As US embassies, foreign service families, and ex-pats of all kinds celebrate America’s national holiday abroad, the events of the day are inevitably influenced by the overseas environment. Here are some Thanksgiving insider stories drawn from my own experience and from the extensive oral history collection of the Association for Diplomatic Studies and Training (ADST).

The tastes of home

When you’re far from home, it can be the small private traditions that matter. For example, the 1960 Thanksgiving for the international student body at the Johns Hopkins School of Advanced International Studies(SAIS) in Bologna almost didn’t happen because celery — the essential ingredient in my mother’s turkey stuffing — could not be found locally, and it took an all-day trip to two American military bases to save the day.

The eight-hour, 400-mile shopping trip resulted in a splendid Thanksgiving dinner that was a hit among the students and faculty who gathered at the Bologna Center on Friday, November 25, although the canned cranberry jelly got more attention than the celery dressing. 

Jane Kelly Amerson López, EMBASSY KID (publication pending)

International understanding

Sometimes, as ADST’s files reveal, Thanksgiving creates an opportunity for cross-cultural exchange and understanding.

Ambassador James F. Creagan, who was Deputy Chief of Mission at the American embassy to Vatican City in the late 1980s, drew on turkey, stuffing, and 100 proof Wild Turkey Bourbon to negotiate a ceasefire between rival parties in Mozambique’s bitter civil war.

They had big headaches the next day, but they signed a ceasefire and applauded Thanksgiving.

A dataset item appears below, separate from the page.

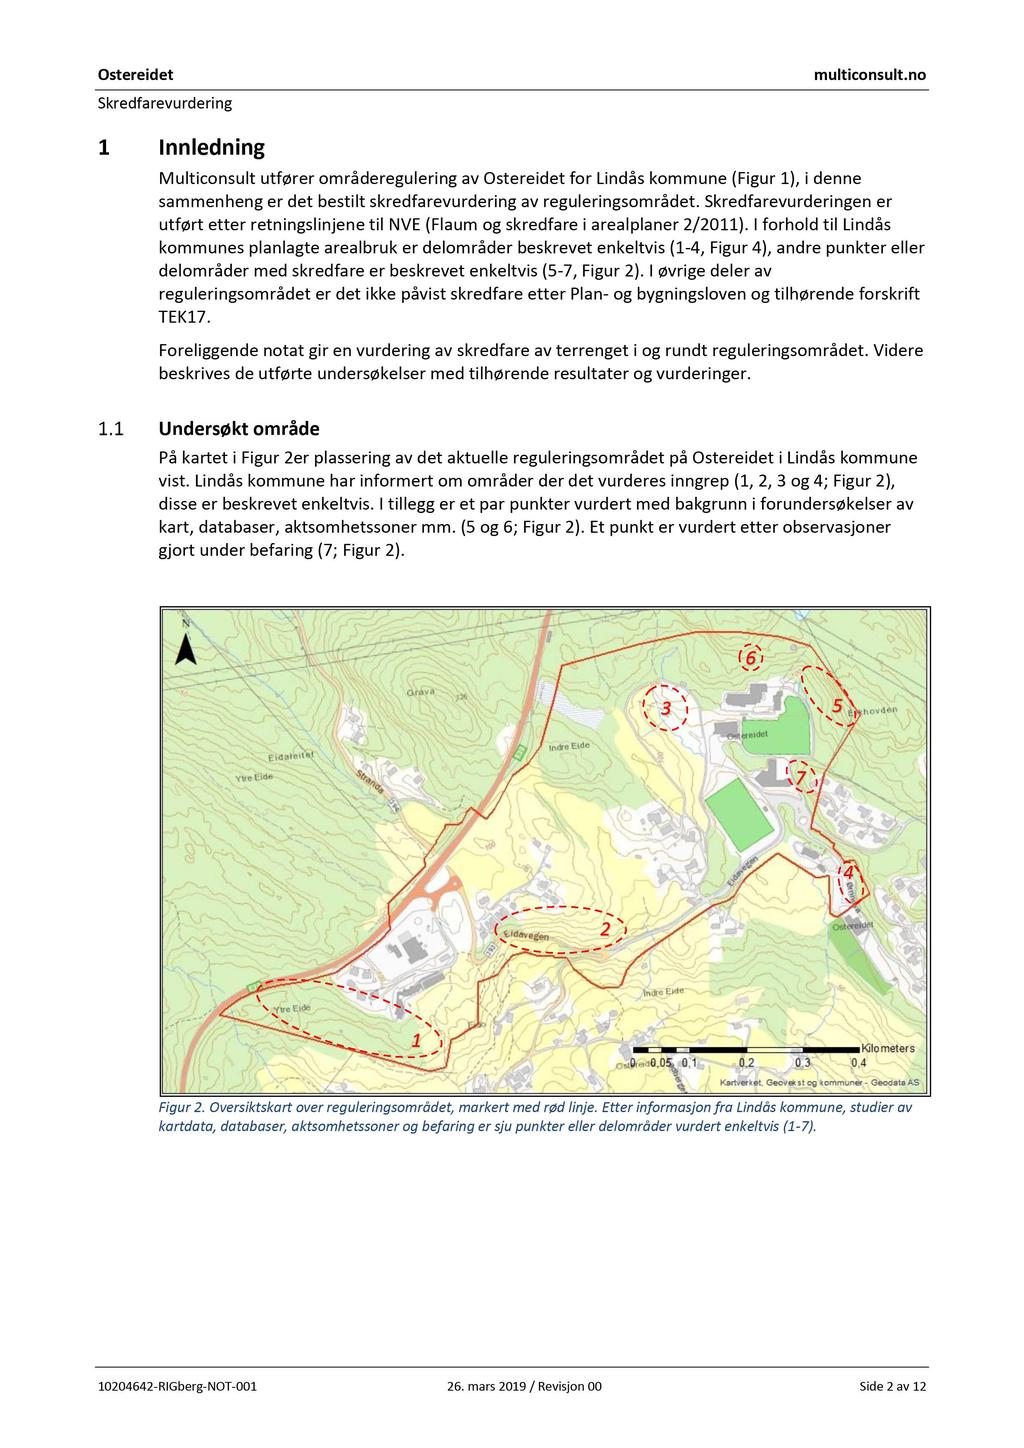 1 Innledning Multiconsult utfører områderegulering av for Lindås kommune (Figur 1), i denne sammenheng er det bestilt skredfarevurdering av reguleringsområdet.

Ambassador James F. Creagan, ADST Interview

Ambassador Joyce E. Leader, who was Consul General in Marseilles, France prior to becoming ambassador to Guinea, was faced with the challenge of fitting in multiple Thanksgiving dinners put on by clubs of Americans who’d stayed on after WWII. There were two clubs in Monaco, more in Nice and Cannes, and three in Marseilles.

Nobody knew how to make a pumpkin pie, but let me tell you there are more ways to service pumpkin than I ever imagined.

Ambassador Joyce E. Leader, ADST Interview
Our outdoor Thanksgiving table in South Florida
Our outdoor Thanksgiving table in South Florida

Conflicting events

And sometimes, history continues to be made despite the American holiday.

Arriving in the capital of the Democratic Republic of the Congo, Kinshasa, the day before Thanksgiving, Theodore Boyd was quickly thrust in to Congo’s political upheaval.

When I got up on Thanksgiving Day and there was no one on the streets I said, “Oh, that’s okay because it’s a holiday.” Then it dawned on me subsequently that the Congolese didn’t observe Thanksgiving so I went over to the embassy and they said, “Come on in we need you, we’ve just had a coup.”  

Theodore A. Boyd, ADST Interview

However you celebrated, Happy Thanksgiving, dear readers!